Конечно, как романтик я не побоялся заглянуть в лицо и этой строгой реальности, но эта реальность уже была не похожа на то, чему меня учили в университете. Все метафизики остались в пренебрежении.
Воображая все на разные лады, внезапно я почувствовал как тотально, и без стимулирующих моск средств, становлюсь новым человеком. Только вот, сохраню ли я за собой хоть чуточку себя прежнего. Оставлю ли, где ни будь, тот отдаленной, и уже забываемый нами мир, который по-прежнему, так ярко рисует, мое проникновенное ко всему лучшему, воображение. На каком-то этапе, фиксируя исчезнувшие детали минувших дней, я почувствовал, как любовь меня не отпускает, или наоборот поощряет… боюсь я потерял себя навсегда?..
Глава первая.
Анна девушка другой реальности и ничего иного, кроме, например человека идущего по улице, ей не чудится. С этой женщиной я хотел бы встретить будущее, но пока мы встречаемся лишь на окраине, в маленькой, тихой, беспечной светелке, где чисто совокупляемся. Она говорит мне Empfindung, что на ее языке значит «ощущение», другими словами она хочет рассмотреть мою проблему.

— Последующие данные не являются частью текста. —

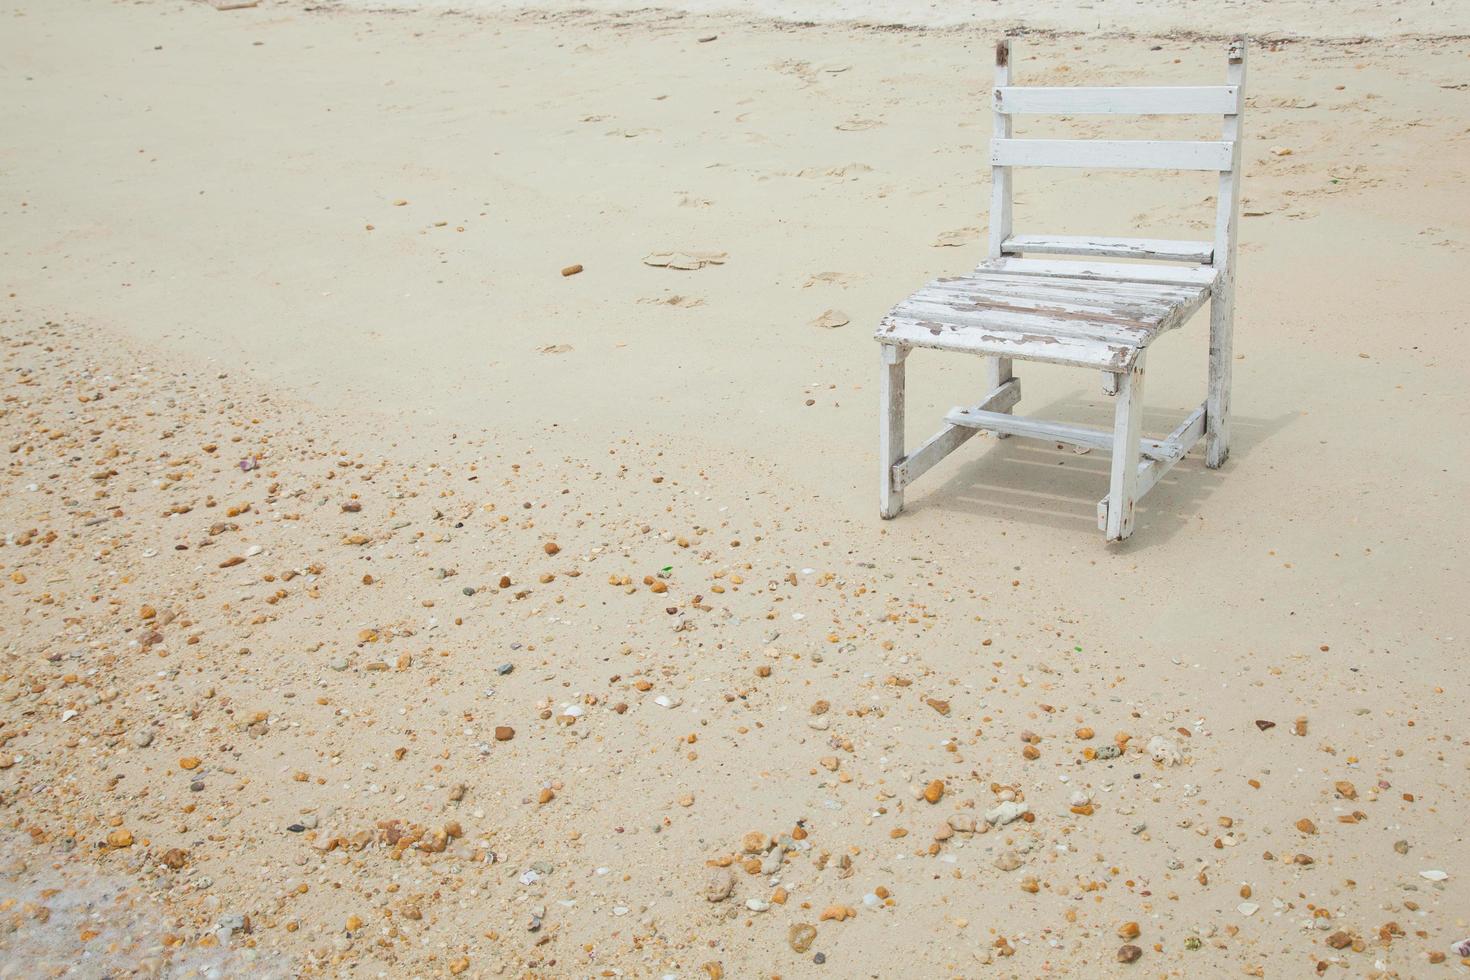 chaise en bois blanche à la mer photo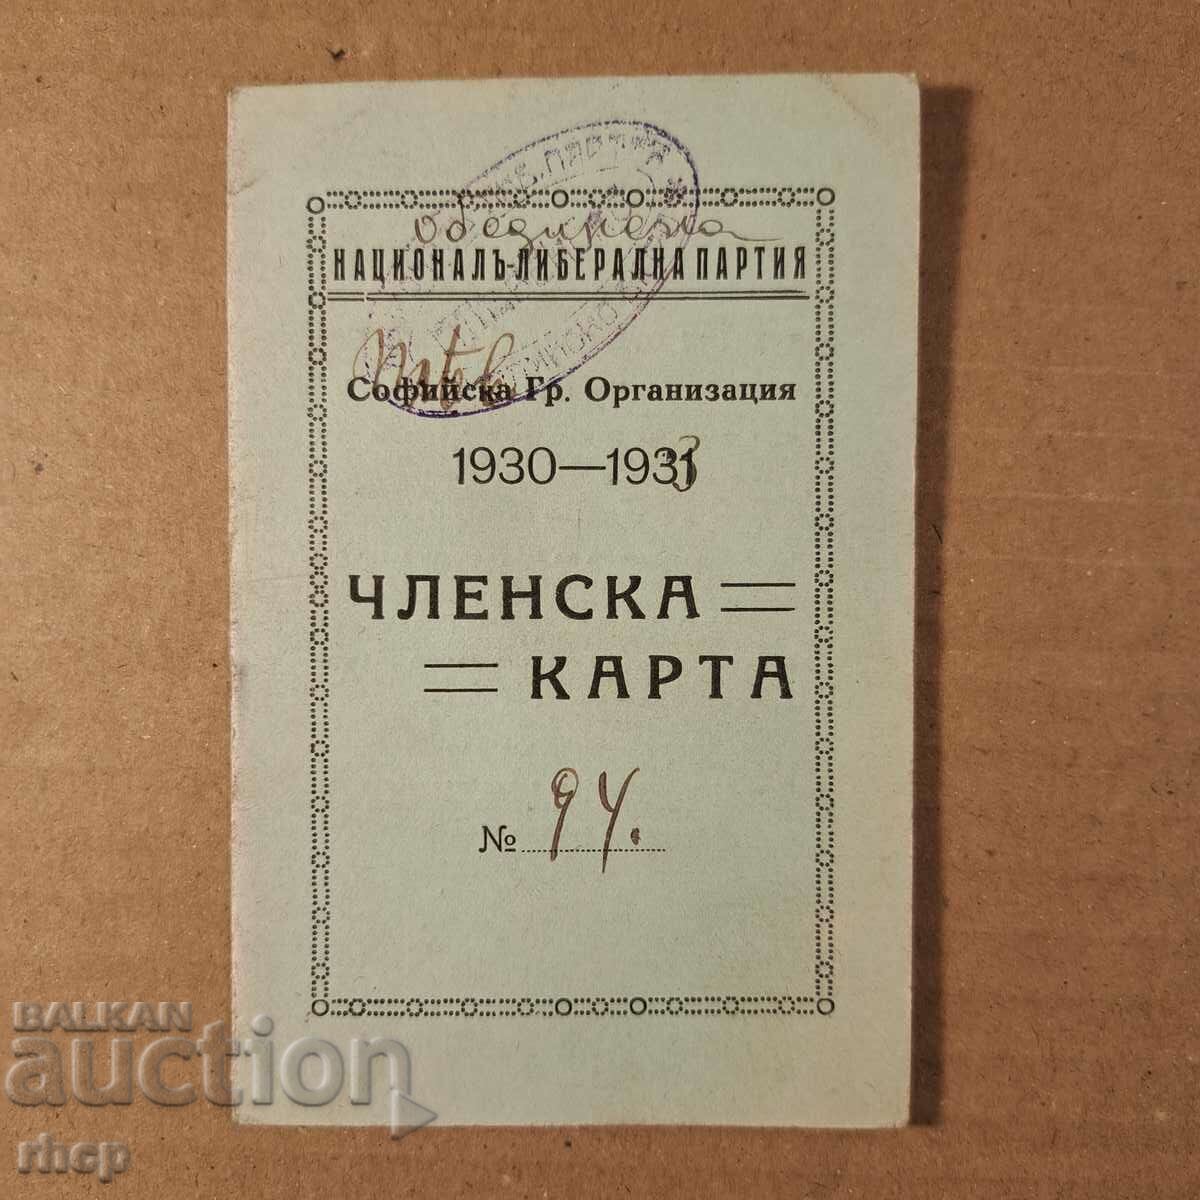 Κάρτα μέλους του Ενωτικού Εθνικού Φιλελεύθερου 1933 με σφραγίδα

- С какой точки зрения. – спрашиваю я ее.
- С точки зрения предвечной гармонии. – улыбается Анна и раздвигает ноги указывая на вещь, отдаленно напоминающую песду.
«Нужно лизать» - говорит она, будто бы приглашая скользить по льду.
Я касаюсь ее языком. Воображение фонтанирует мгновенно.
Полная луна струила яркий свет, который бывает только зимою. Удивительно, что в ту ночь все было безмолвным, хотя не было мороза, тем не менее, Майдан чернел неизъяснимой, тихой печалью, словно бы надвигалась ненастная погода. На кануне Голубченко отключил электричество, и костры вместе с луной, отбрасывали зловещие тени людей оставшихся дежурить возле баррикад. Прижимая руки к груди, я пристально вглядывался в лица, разыскивая Корину. В тот вечер на душе было невыносимо тоскливо, наверное, оттого, что днем я слушал Andante Малера.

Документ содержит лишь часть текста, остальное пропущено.